Software: One of the purposes of the assignments is for you to get a sense
of various standard machine learning technology, by looking at some
implementations of the algorithms rather than a general definition. What
I’m looking for is some evidence that you've managed to run an algorithm
and that you had some understanding of the output you saw. The evidence should
be in the form of a print-out of screen displays or program outputs, and usually
a brief discussion of the output (things you noticed or that strike you.)
Specifically, this week I'd like you to run an implementation of one or more
decision tree learners. What follows are some specific instructions and
suggestions for experimentation. Feel free to explore and share with us if you
find something interesting.
Check Out the Web
Enter in google "decision tree learning". Take a look at what
comes up, check out a few links.

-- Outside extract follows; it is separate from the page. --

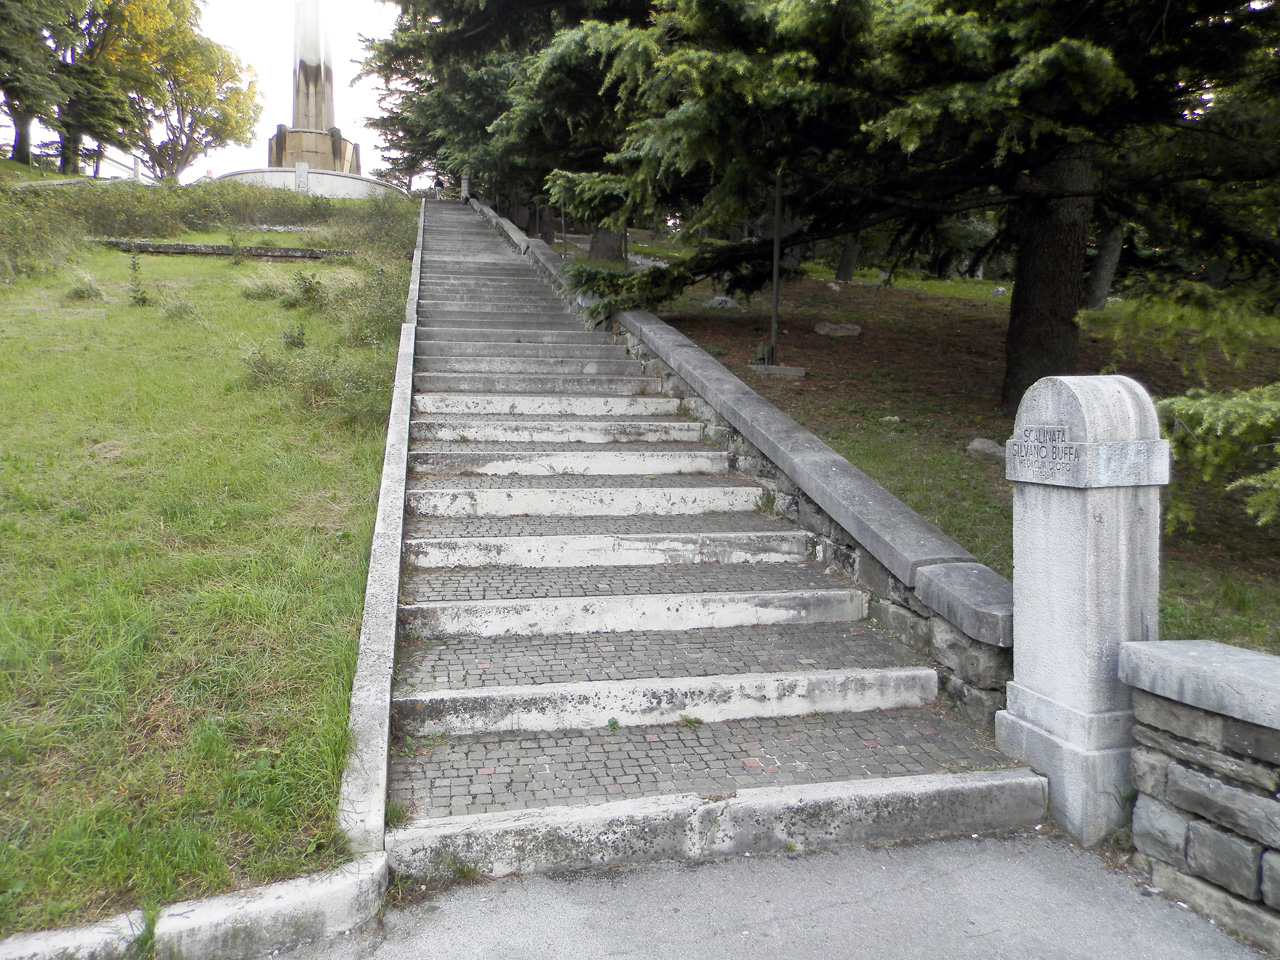 Parco della Rimembranza di Trieste (parco, commemorativo) - Trieste (TS)

There are quite a few web pages for machine
learning in general; a starting point could be Russ
Greiner’s resource page.
Decision Trees
- One site with a working Java
applet is the AI
Exploratorium. You'll need a Java plug-in. I had to search for a bit
for it; for a PC, you can get it from Netscape. This demo has
a nice range of data sets. It doesn't seem to allow you to experiment with
different subsets of the data. If this is your only decision tree
experimentation, include at least two runs with different datasets. You
should have a brief discussion too with observations that show some
understanding of the output. For example, in a decision tree the first
attribute is supposed to be the most informative/relevant. Using
commonsense intuitions, does the learner succeed in finding an attribute
that intuitively seems relevant?
- The text has some Lisp
code for building decision trees. If you run this, experiment with
some of the data. It's easy to find the data in the code - try running the
program with different subsets. What happens if you give the tree
constructor only half the data? What happens if you make all the
examples positive (or negative)? How about adding some data points?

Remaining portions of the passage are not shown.